Building Large Language Model (LLM) Applications
In a recent video transcription, a speaker from Human Loop discusses the successes and challenges of building LLM applications, particularly focusing on the example of GitHub co-pilot. The talk covers the anatomy of LLM applications, best practices, challenges in building LLMs, and the defensibility of LLM applications.
Introduction to Human Loop
Human Loop is a developer tools company that specializes in helping build functional LLM applications, focusing on prototyping and understanding how applications perform in production.
The speaker highlights Human Loop's vantage point in the LLM space, having observed emerging best practices and trends as people journey from idea to deployed LLM applications.
Anatomy of LLM Applications
The speaker breaks down the components of an LLM application, identifying the three key components as the base model, prompt template, and data selection strategy. These components form the building blocks of an LLM app and contribute to its functionality.
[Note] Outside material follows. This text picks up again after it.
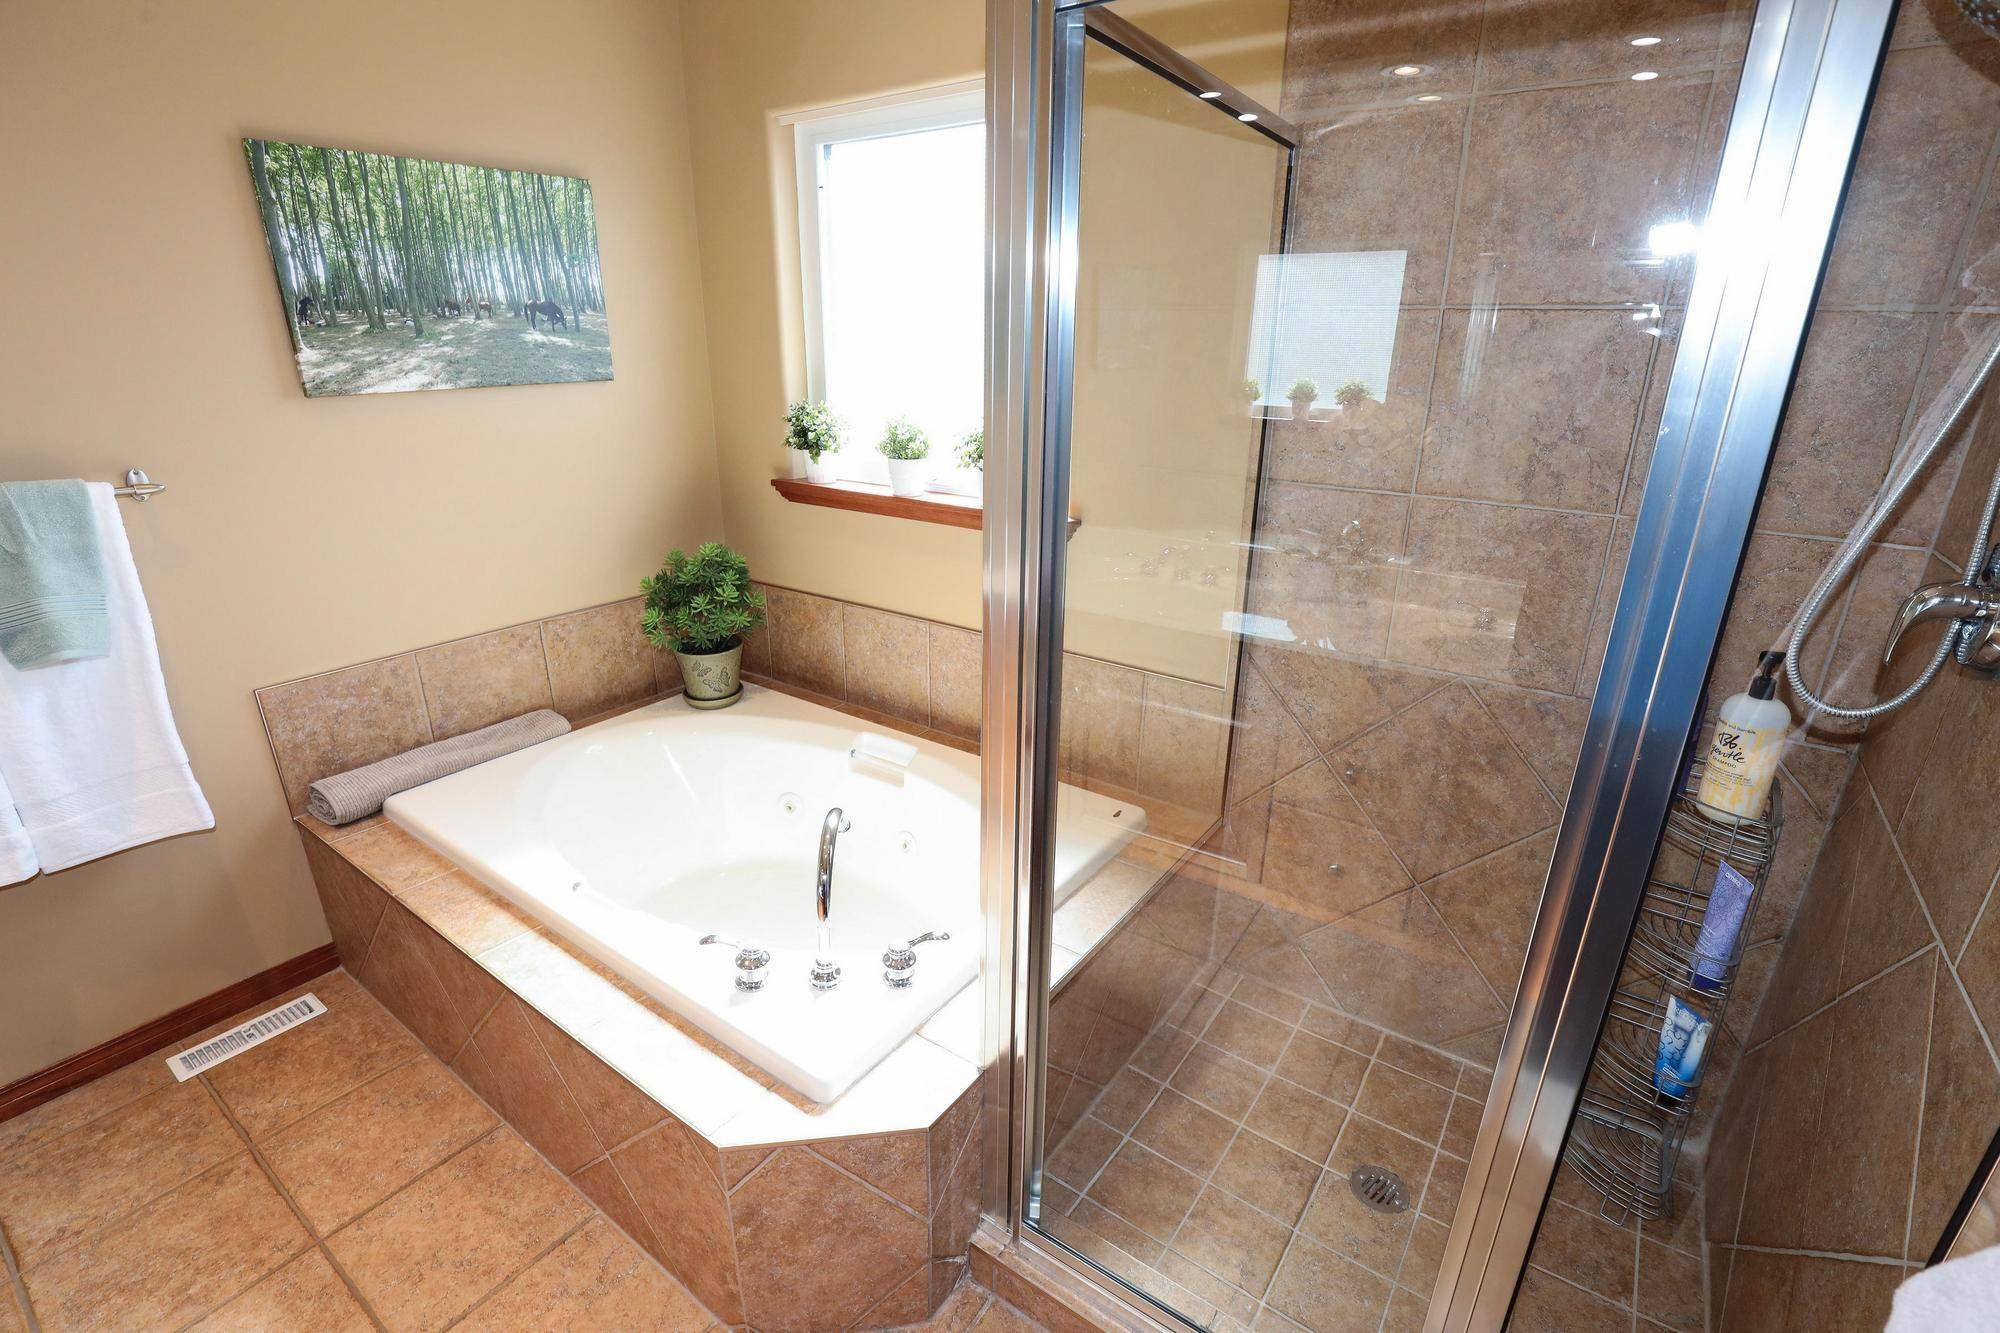 Photo 20: Photos: 7 Castle Ridge Drive in Winnipeg: Linden Ridge Single Family Detached for sale (1M)  : MLS®# 202107901

Drawing from the example of GitHub co-pilot, the speaker delves into the specific instance of the application, explaining how it utilizes a 12 billion parameter GPT model, a unique prompt template strategy, and a robust evaluation system. These components contribute to the overall success of GitHub co-pilot as an LLM application.
Best Practices and Challenges in Building LLMs
The talk sheds light on some of the emerging best practices in building LLM applications, emphasizing the importance of prompt engineering, retrieval methods, and performance evaluation. However, it also acknowledges the challenges faced in LLM development, including the iterative nature of prompt engineering, the need for factual information integration, and the subjective nature of performance evaluation in LLM applications.
Defensibility of LLM Applications
The speaker highlights the significance of building defensible LLM applications, taking inspiration from successful LLM companies like GitHub co-pilot, Jasper, and Writer. Drawing from these examples, the speaker outlines strategies for making LLM apps defensible, including high switching costs, feedback-driven flywheels, counter positioning, and focusing on great product development.
In conclusion, the speaker emphasizes the importance of balancing a focus on solving real user needs with ensuring the defensibility of LLM applications. While defensibility is a crucial consideration for long-term success, the primary focus should always be on building a functional and impactful product.
Conclusion
This comprehensive talk on building LLM applications provides valuable insights into the best practices, challenges, and approaches to achieving defensibility in the fast-evolving field of large language model applications. It serves as a guide for developers and companies looking to leverage LLMs effectively and build applications that are both functional and defensible in the long run.